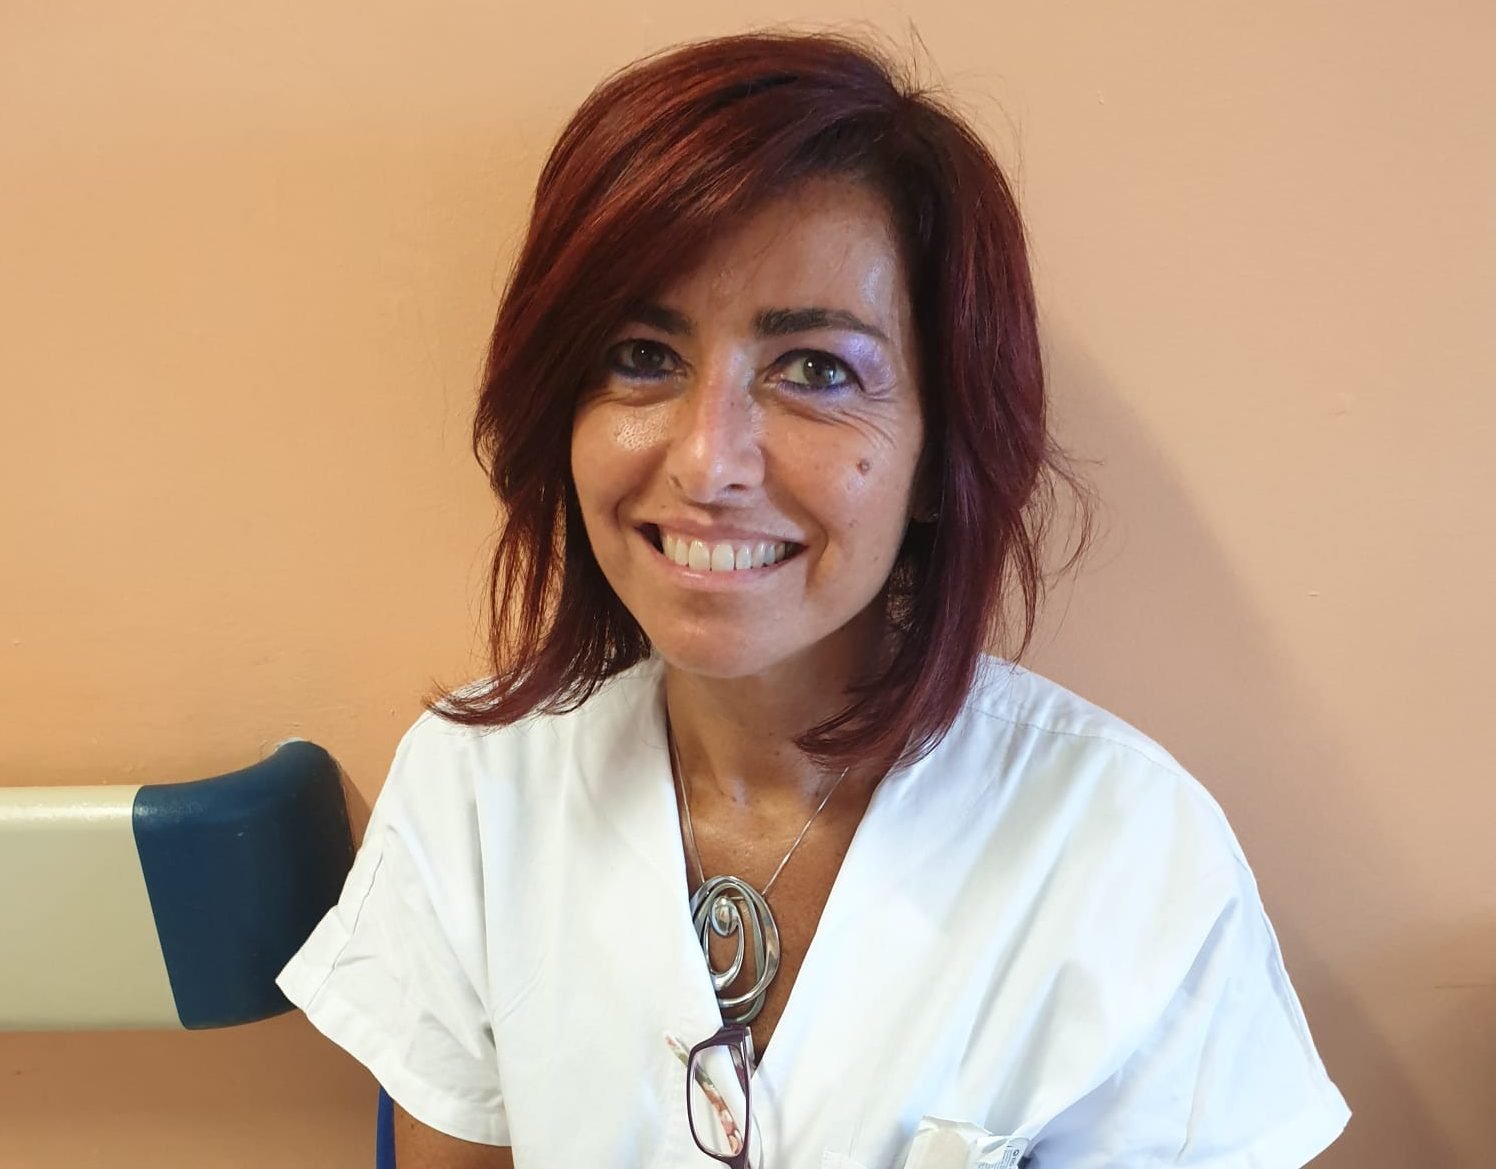 Delfina Ferrandi è il nuovo primario all’ospedale di Casale Monferrato 
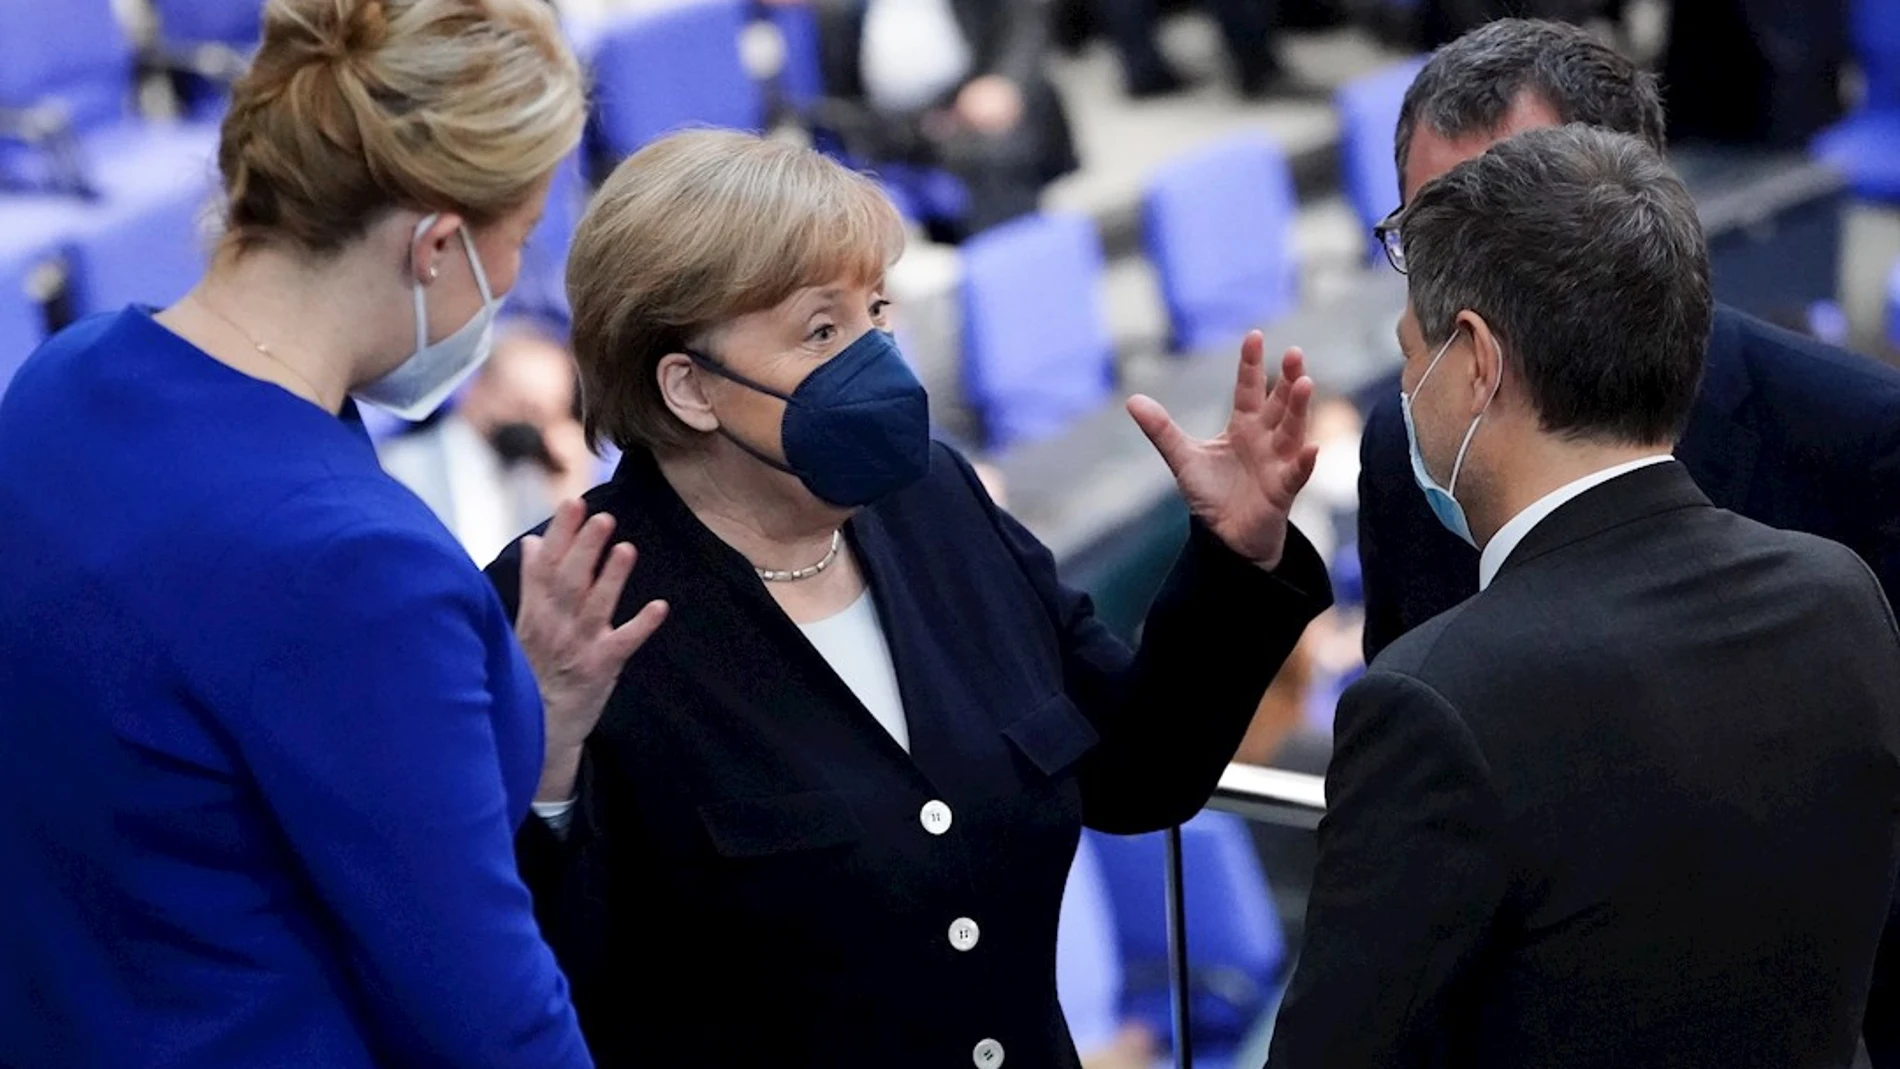 Larga ovación a Angela Merkel en el Parlamento alemán en su despedida como canciller
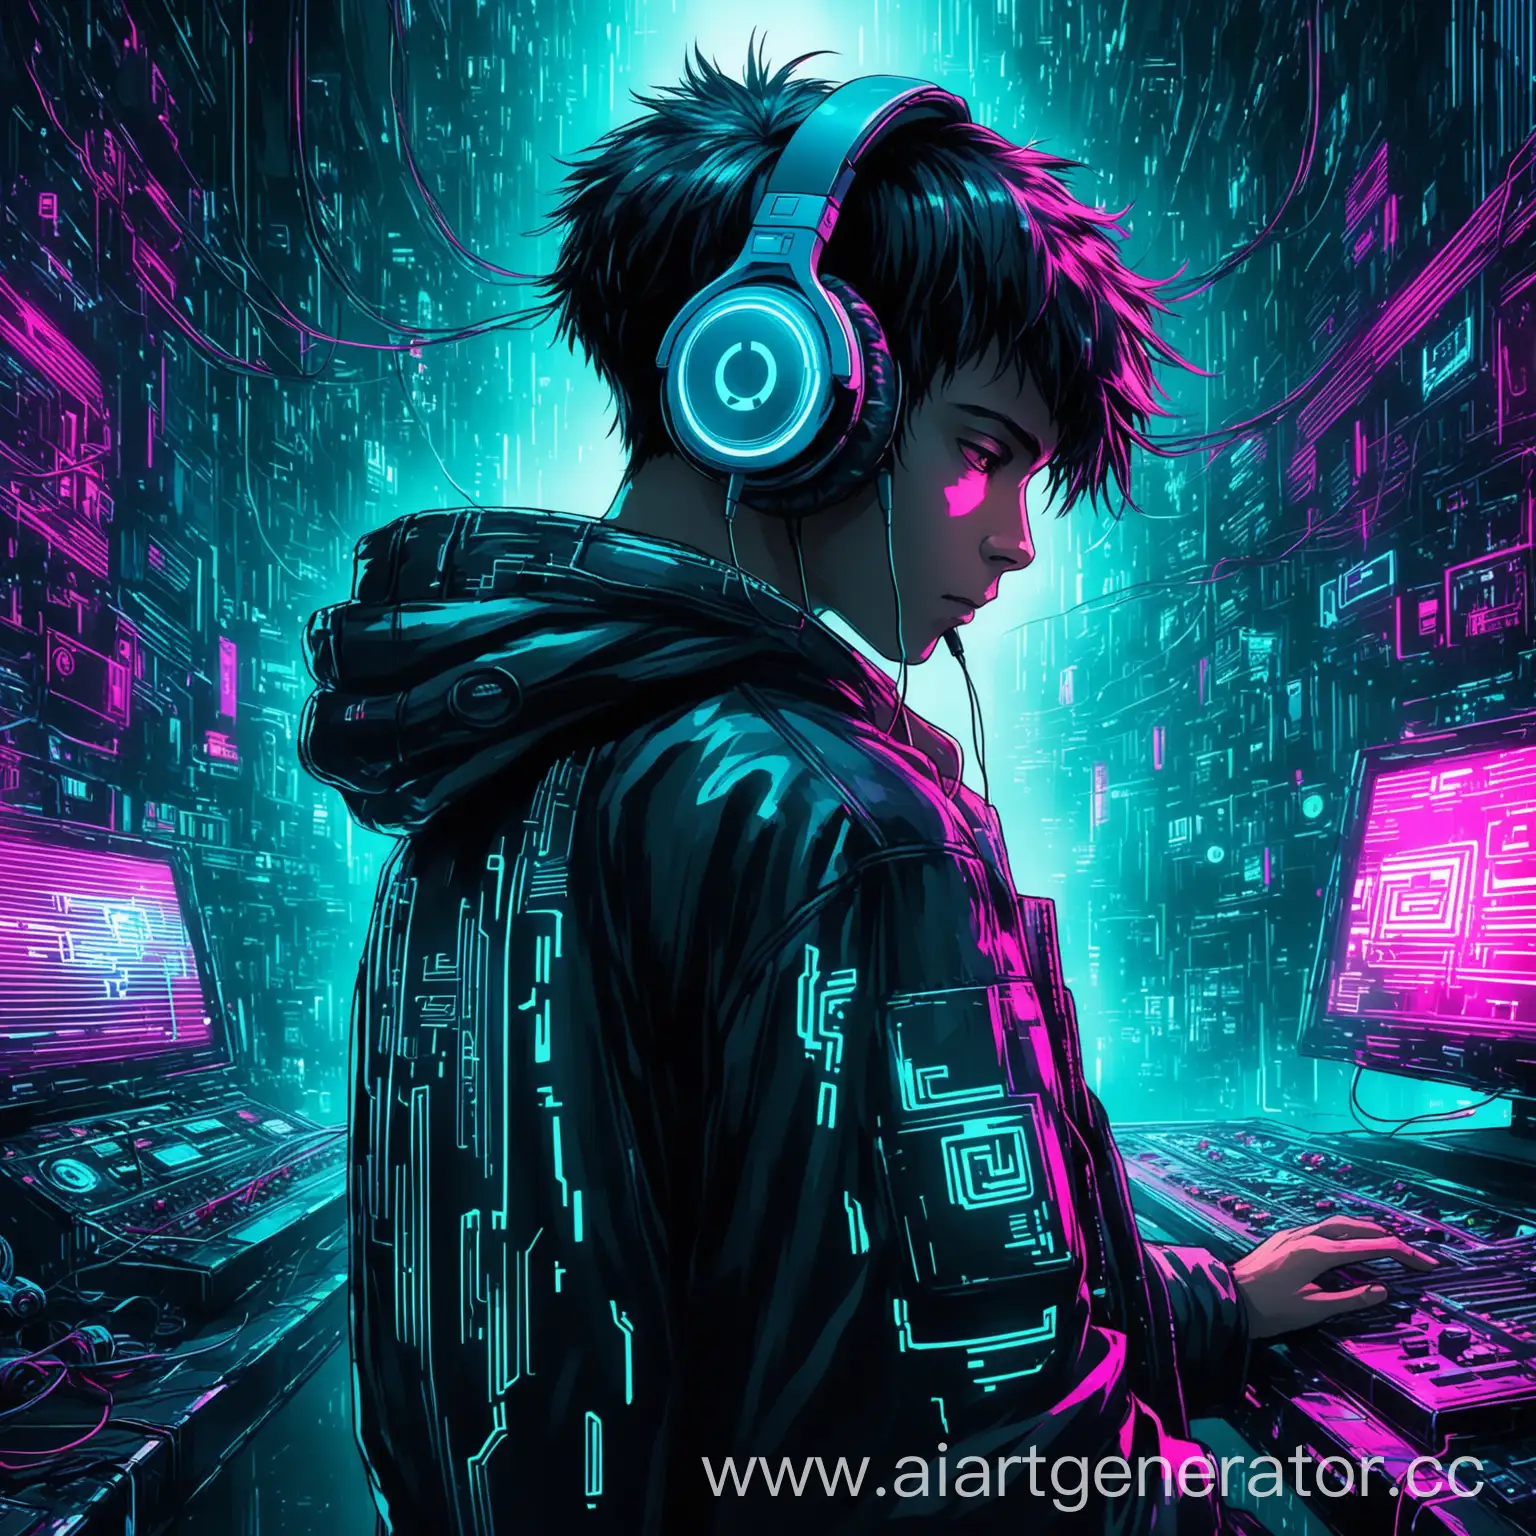 Boy-Immersed-in-Music-in-Cyberpunk-Style
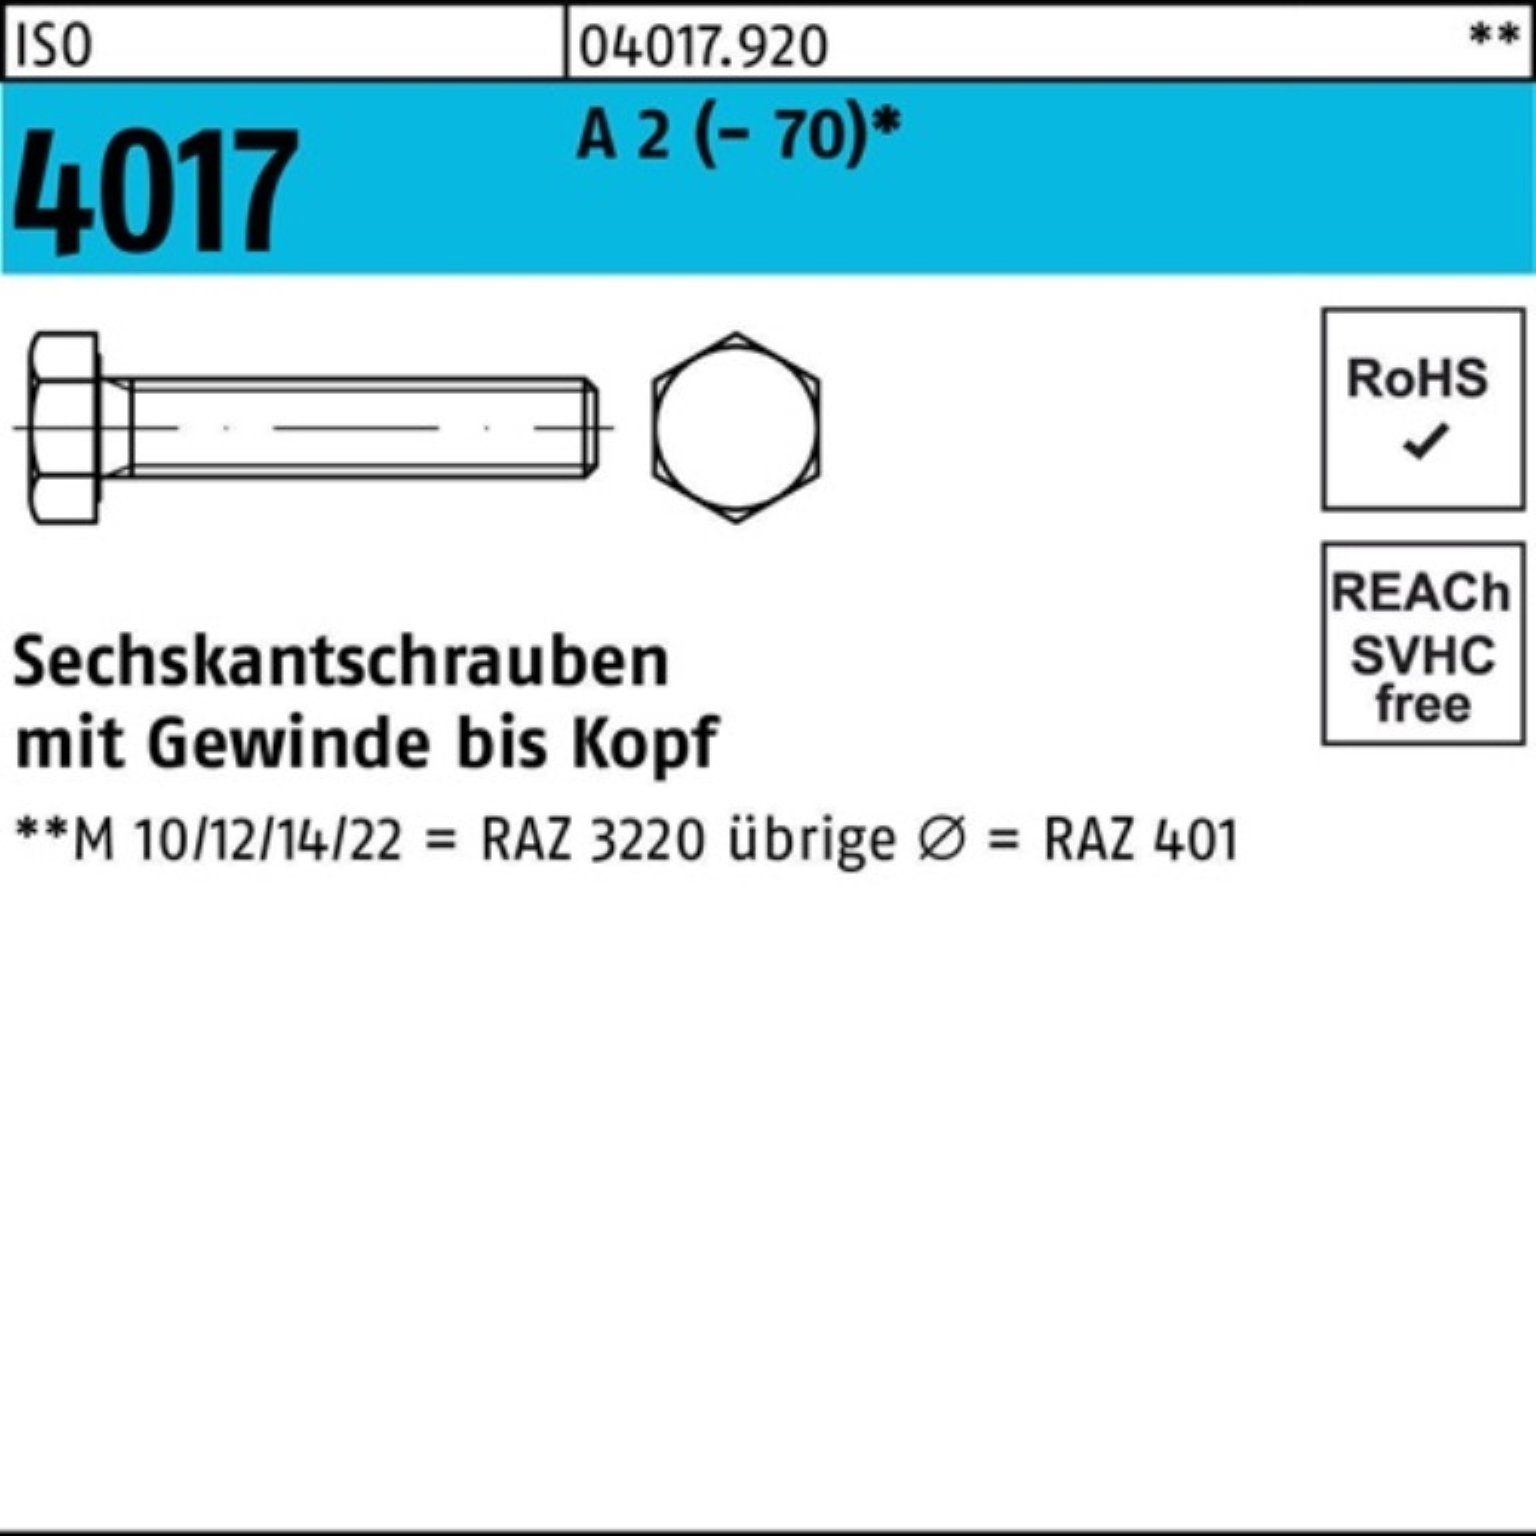 Bufab Sechskantschraube 500er Pack Sechskantschraube ISO 4017 VG M5x 16 A 2 (70) 500 Stück

+++++

Task item. When you repeat the lines above, keep them exact and leave out each image they contain.

Expected answer.
 Delfina Ferrandi è il nuovo primario all’ospedale di Casale Monferrato 
 Larga ovación a Angela Merkel en el Parlamento alemán en su despedida como canciller
 Boy-Immersed-in-Music-in-Cyberpunk-Style
 Bufab Sechskantschraube 500er Pack Sechskantschraube ISO 4017 VG M5x 16 A 2 (70) 500 Stück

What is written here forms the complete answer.